## Advanced Econometrics 2 (2020/2021) - Bootstrap Methods

Computer Class 1b (Wednesday)

*Aim of this computer class*: to gain practical experience of bootstrapping regression models.

# 11-1

Consider the model $y=\alpha+\beta x+\varepsilon$, where $\alpha$, $\beta$, and $x$ are scalars and $\varepsilon \sim N(0,\sigma^2)$. A sample of size $N=20$ is generated with $\alpha=2, \beta=1, \sigma^2=1$ and $x \sim N(2,2)$. We wish to test $H_0: \beta=1$ against $H_1: \beta\neq 1$  at level 0.05 using the t-statistic $t=(\hat{\beta}-1)/SE[\hat{\beta}]$. Use $B = 999$ bootstrap replications. 

In [1]:
def OLS(y,X):
    N,k = X.shape                   # number of observations and regressors
    XXi = np.linalg.inv(X.T @ X)
    b_ols = XXi @ (X.T @ y)
    res = y-X @ b_ols
    s2 = (res @ res)/(N-k)
    SE = np.sqrt(s2*np.diag(XXi))
    return b_ols,SE,res

### **(a)** Estimate the model by OLS, giving slope estimate $\hat{\beta}$.

In [2]:
import numpy as np
y  =np.array([2.463460087, 4.082339785,7.14245305 ,6.837688781, 3.188993095,4.838084255,5.354217263,5.024464493,4.278112328, 2.061616983,-0.655026946,6.637085435, 1.822475278, 3.440341802,6.294259862, 4.225766242,4.901194854, 2.293813513,3.278865984,5.515655038])
x  =np.array([0.259705633, 2.481299324,3.960540791,3.49720621,  2.133512947,1.530091473,3.265568683,3.797276605,1.184917425, 0.462349978,-2.149324397,4.470384733, 1.343208036, 1.693754991,3.869958201, 2.789750994,2.867776386, 0.393884163,1.918828592,2.983220267])
eps=np.array([0.203754454,-0.39895954, 1.181912259,1.340482571,-0.944519852,1.307992781,0.08864858,-0.772812112,1.093194903,-0.400732995,-0.505702548,0.166700702,-1.520732758,-0.253413189,0.424301661,-0.563984752,0.033418467,-0.10007065,-0.639962608,0.532434771])
N=len(y)
alpha=2
beta=1
const=np.ones(N)
X=np.vstack( (const,x) ).T
b_ols,SE,res = OLS(y,X)
print('OLS estimates:      %7.4f   %7.4f' % (b_ols[0],b_ols[1]) )
print('Standard errors:   (%7.4f) (%7.4f)' % (SE[0],SE[1]) )
print('t-stat for H_0:beta=1:       %8.3f' % ((b_ols[1]-beta)/SE[1]) )

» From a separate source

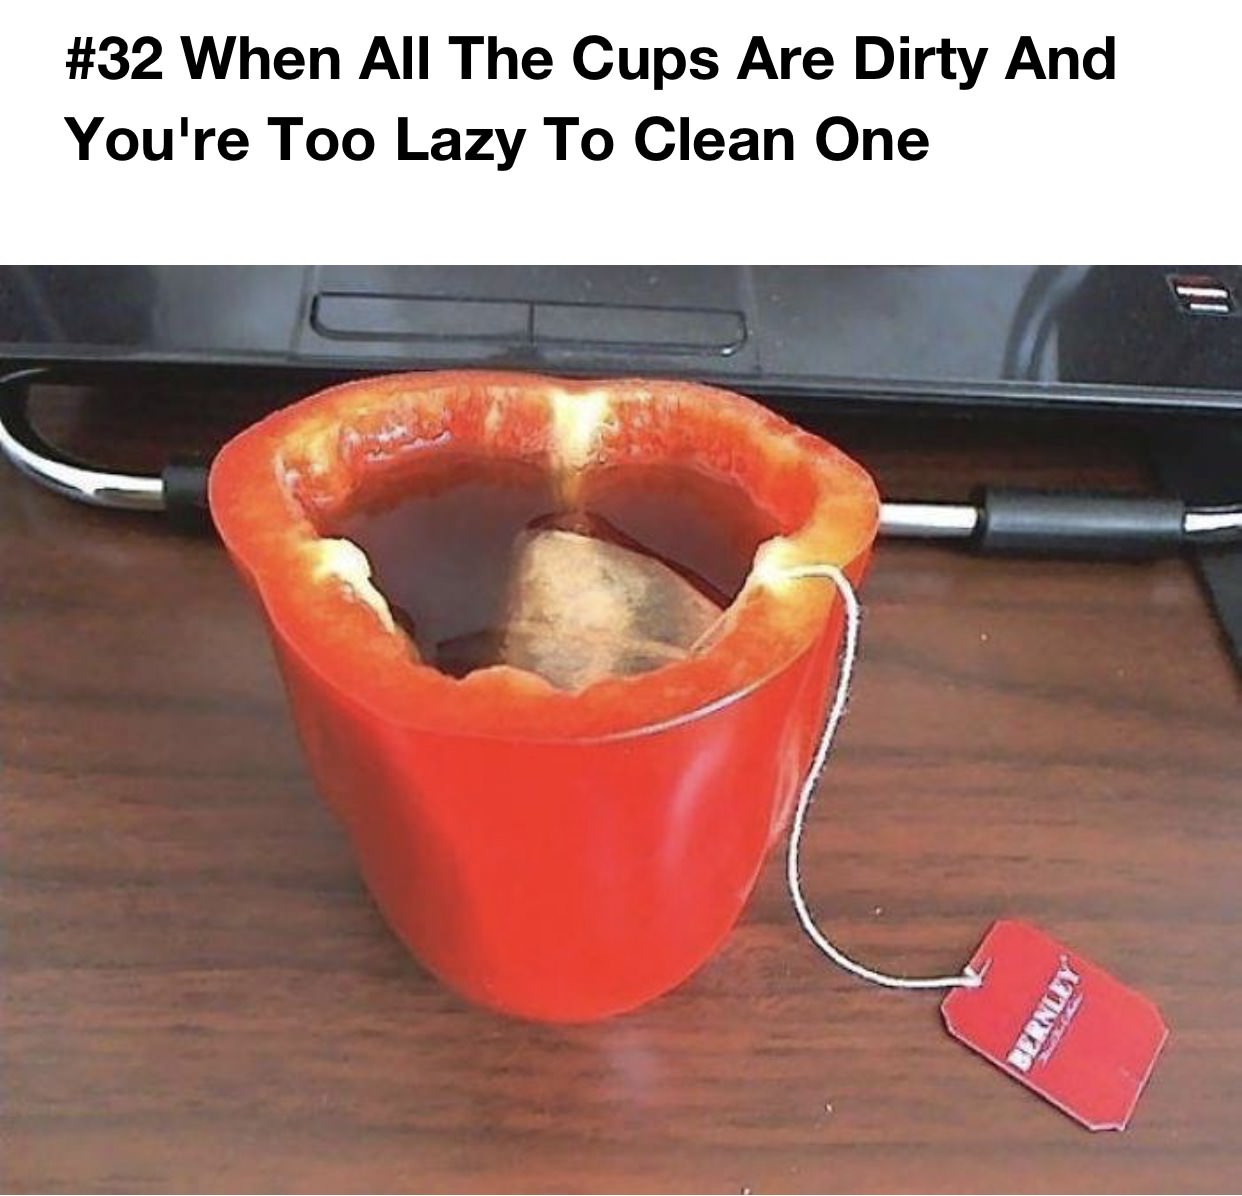 cursed images shitposts - When All The Cups Are Dirty And You're Too Lazy To Clean One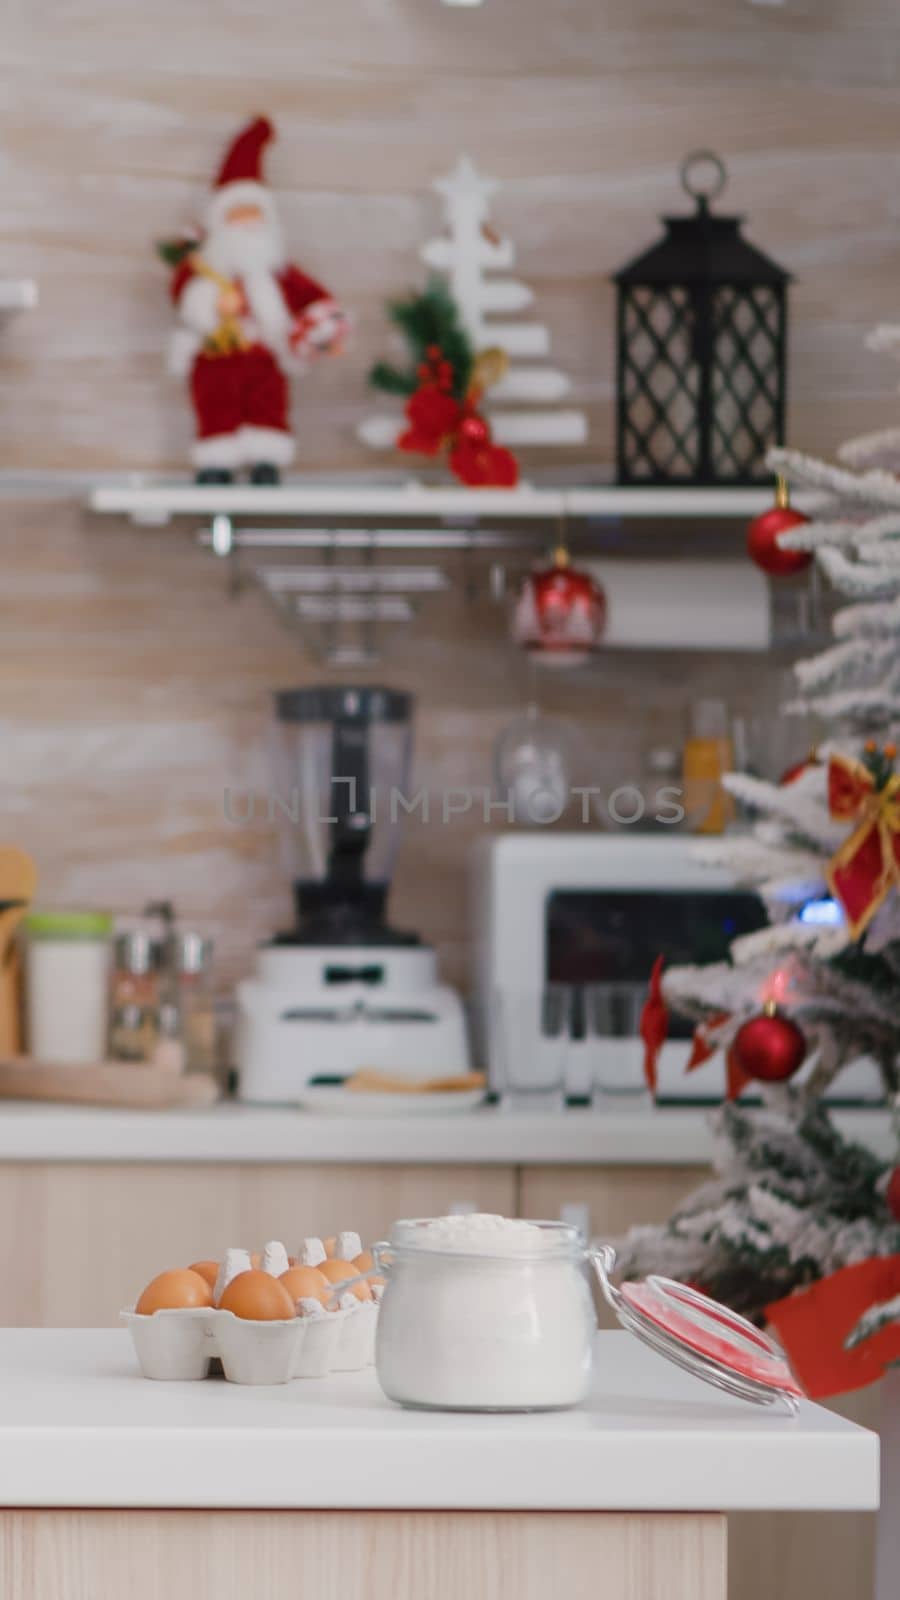 Empty christmas decorated culinary kitchen with nobody in it ready for traditional festive holiday by DCStudio

OLS estimates:       1.7472    1.1246
Standard errors:   ( 0.2959) ( 0.1116)
t-stat for H_0:beta=1:          1.117


### **(b)** Use a paired bootstrap to compute the standard error and compare this to the original sample estimate. Use the bootstrap standard error to test $H_0$.

In [3]:
w=np.vstack( (y,x) ).T                 # make pairs
BOOTREP=9999;                          # number of bootstrap replications
betaB=np.zeros(BOOTREP)                # initialise to zero
tB=np.zeros(BOOTREP)
np.random.seed(42)
for b in range(BOOTREP):
    index=np.random.randint(N,size=N)  # select the indices  
    wB=np.copy(w[index,])              # resample from data
    yB=wB[:,0]
    XB=np.vstack( (const,wB[:,1]) ).T
    bB_ols,SEB,resB=OLS(yB,XB)         # obtain bootstrap estimates using OLS(.)-function    
    betaB[b]=(bB_ols[1])               # store bootstrapped regression coefficient
    tB[b]=(bB_ols[1]-b_ols[1])/SEB[1]  # store bootstrapped t-statistic
print('Results paired boostrap (B=%d):' % BOOTREP)
print('  Bootstrapped SE:       %7.4f' % np.std(betaB));
print('  t-stat using SE.boot:  %7.4f' % ((b_ols[1]-beta)/np.std(betaB)))

Results paired boostrap (B=9999):
  Bootstrapped SE:        0.0956
  t-stat using SE.boot:   1.3030


$SE_{Boot}[\hat{\beta}]=0.0956$, this value is comparable to the asymptotic SE of 0.1116. The t-statistic becomes $$t_{obs}=\frac{\hat{\beta}-1}{SE_{Boot}(\hat{\beta}}=(1.1246-1)/0.0956=1.3030.$$
Rejection region can be based on student-*t* distribution with 18(=20–2) degrees of freedom:
- $T\leq -t_{0.025}(18)=–2.101$ or $T\geq t_{0.025}(18)=2.101$.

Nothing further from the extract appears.